MLI Kernels (Operators)¶
This chapter introduces into a general concept of ML algorithms (kernels) included in MLI 2.0.
Each kernel is implemented as a separate function, and inputs and outputs are represented by the tensor structure defined in section mli_tensor Structure. A kernel can have multiple specializations, each implemented as a separate function. As a result, the neural network graph implementation is represented as series of function calls, which can either be constructed manually by the user or via some automated front-end tool.
The following groups of NN kernels are defined:
Function Names and Specializations¶
All function names of the kernels are constructed in a similar way. To make it easier to navigate through the list of API functions, all function names are built using the following syntax:
mli_<group>_<function>_[layout_]<dataformats>[_specializations]([input_tensors],[cfg],[output_tensors]);
An explanation of each of the preceding elements which make up a name is provided in Table Function Naming Convention Fields. The function arguments start with zero or more input tensors, followed by a kernel specific configuration struct, followed by the output tensors. All the function parameters are grouped inside the config structure.
Field Name |
Examples |
Description |
---|---|---|
Group |
krn hlp mov usr |
krn for compute kernels hlp for helper functions mov for data move kernels usr for user-defined kernels. |
Functions |
conv2d fully_connected … |
Describes the basic functionality. Full list of supported function names is described later |
layout |
chw hwcn nhwc |
Optional description of the layout of the input, only relevant for some functions |
dataformats |
fx16 sa8_sa8_sa32 sa8 |
Specifies the tensor data formats. In case of multiple input tensors with different data formats, the format of each tensor is specified in the same order as the function arguments. (for details see mli_element_params Union Field Description). |
The naming convention for the data formats is as follows and in Data Format Naming Convention Fields:
<typename><containersize>
Field Name |
Examples |
Description |
---|---|---|
typename |
fx sa fp |
Specifies which quantization schema is used:
|
containersize |
1, 4, 8, 16, 32 |
Container size in bits of each individual element. |
The following convention is applied to the layout field:
If MLI kernel implies using only three-dimensional variable tensors as input/output, function name should reflect layout of input and output tensors. Layout of input and output must be the same.

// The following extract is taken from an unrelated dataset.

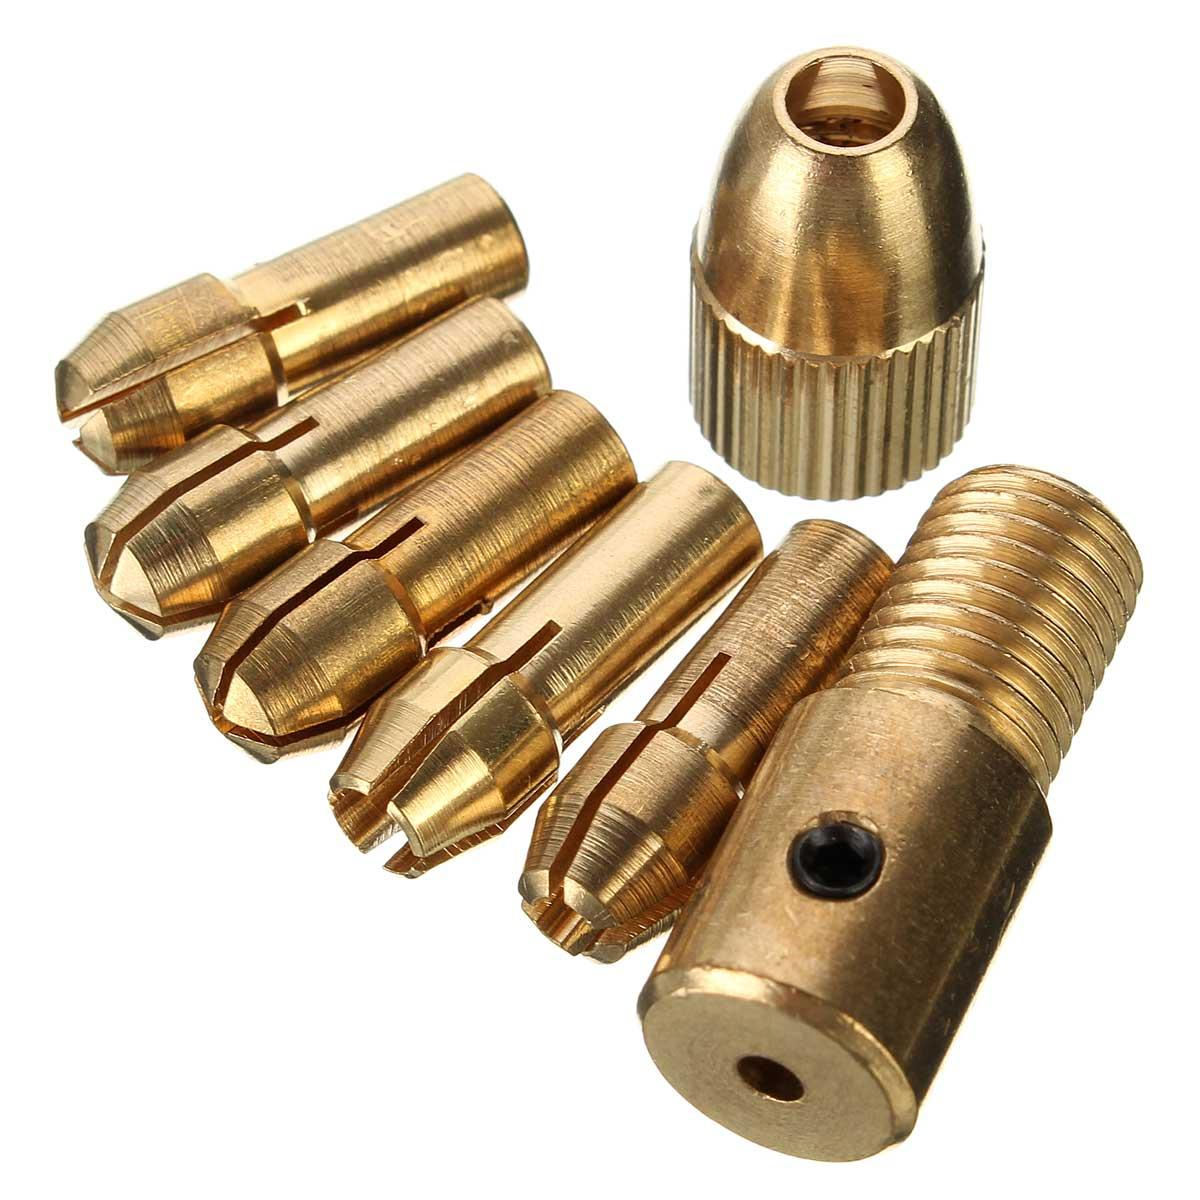 8 adet 0.5-3mm Mikro Büküm Matkap Chuck Seti Küçük elektrik Matkap Bit Collet Allen anahtarı ile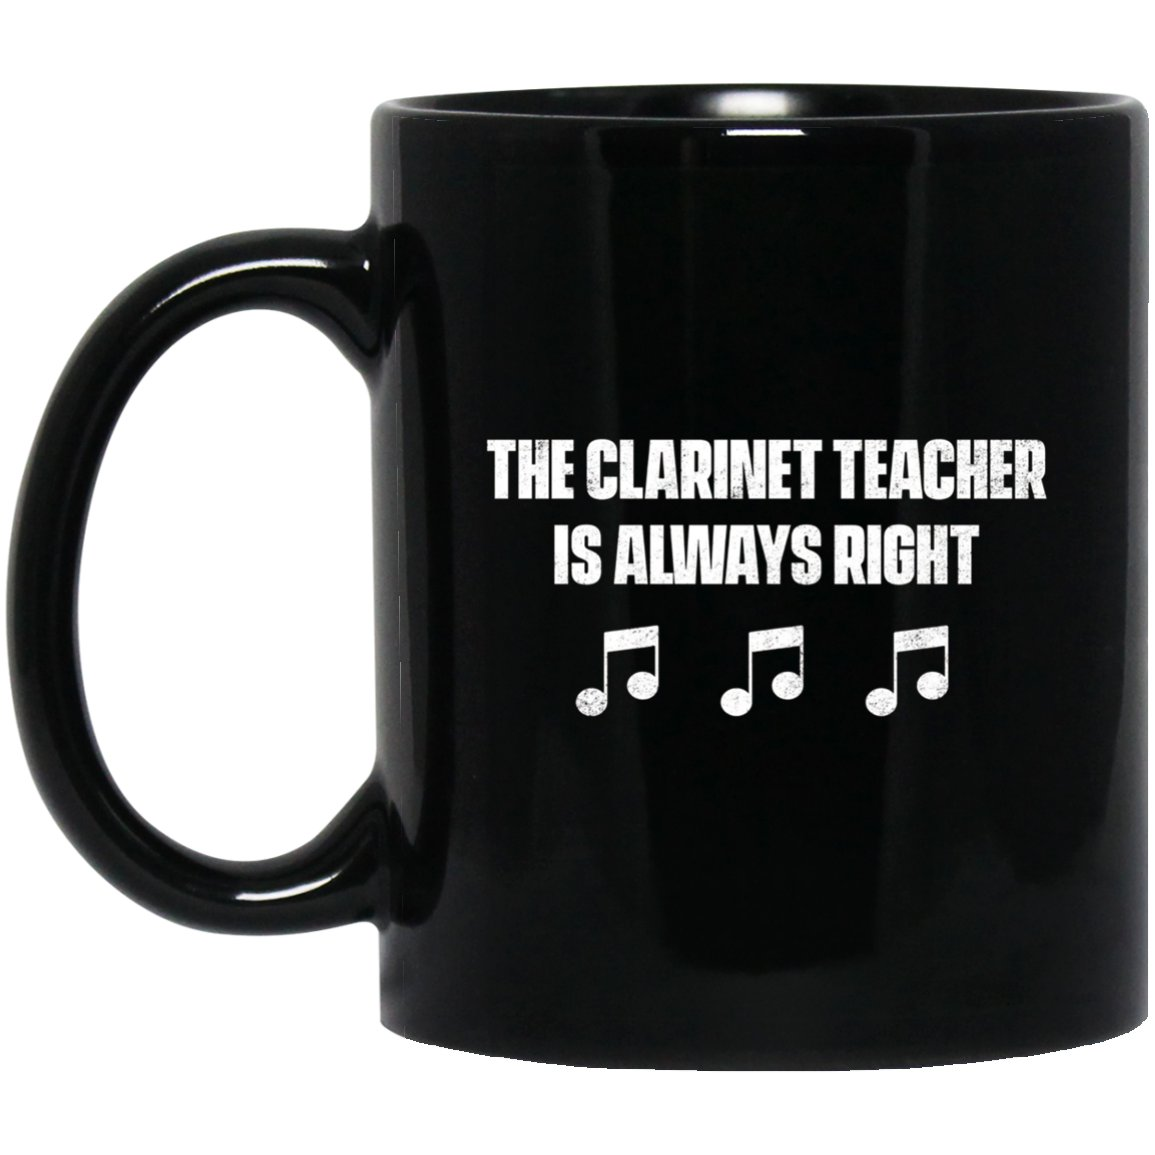 The Clarinet Teacher Is Always Right Black  Mug Black Ceramic 11oz Coffee Tea Cup

If MLI kernel implies using four-dimensional weights tensor in addition to three-dimensional input/output tensors, function name should reflect layout of weights tensor.
A Note on Slicing¶
The kernels described in the following sections of this document have no notion of slicing (also referred to as tiling). Instead, the responsibility of slicing is left to the caller, which can be either application code, some higher-level API or graph-compiler generated. For cores with any sort of closely-coupled memory (CCMs), the kernels assume that all the input tensors are in CCM. The output tensor can be either in system memory or in CCM.
Slicing is required in case there is not enough space in CCM to fit the complete input tensors. In this case, the caller can copy a ‘slice’ of the input tensor into CCM, and the kernel produces a slice of the output tensor. These output slices can be combined into a full tensor. Because the tensor data does not have to be contiguous in memory, it is possible to create a (slice) tensor that points to a subset of the data of a larger tensor. For instance, if the output tensor is in system memory, each invocation of the kernel that computes a slice can write its output directly into the correct (slice) of the output tensor. This eliminates the need for an extra concatenation copy pass. The slicing concept is illustrated in Figure Slicing Concept.
If the tensors don’t fit into CCM, and there is no data cache, the data move functions can be used to copy full tensors or slices of tensors. (see Chapter Data Movement ). Slicing with some kernels requires updating the kernel parameters when passing each slice.
The number of elements to the next dimension is stored in the mem_stride
field
(as described in mli_tensor Structure Field Descriptions). In case there is no slicing or concatenation,
the mem_stride
field is populated in alignement with the shape values to reflect
the offsets in the data buffers for each dimension.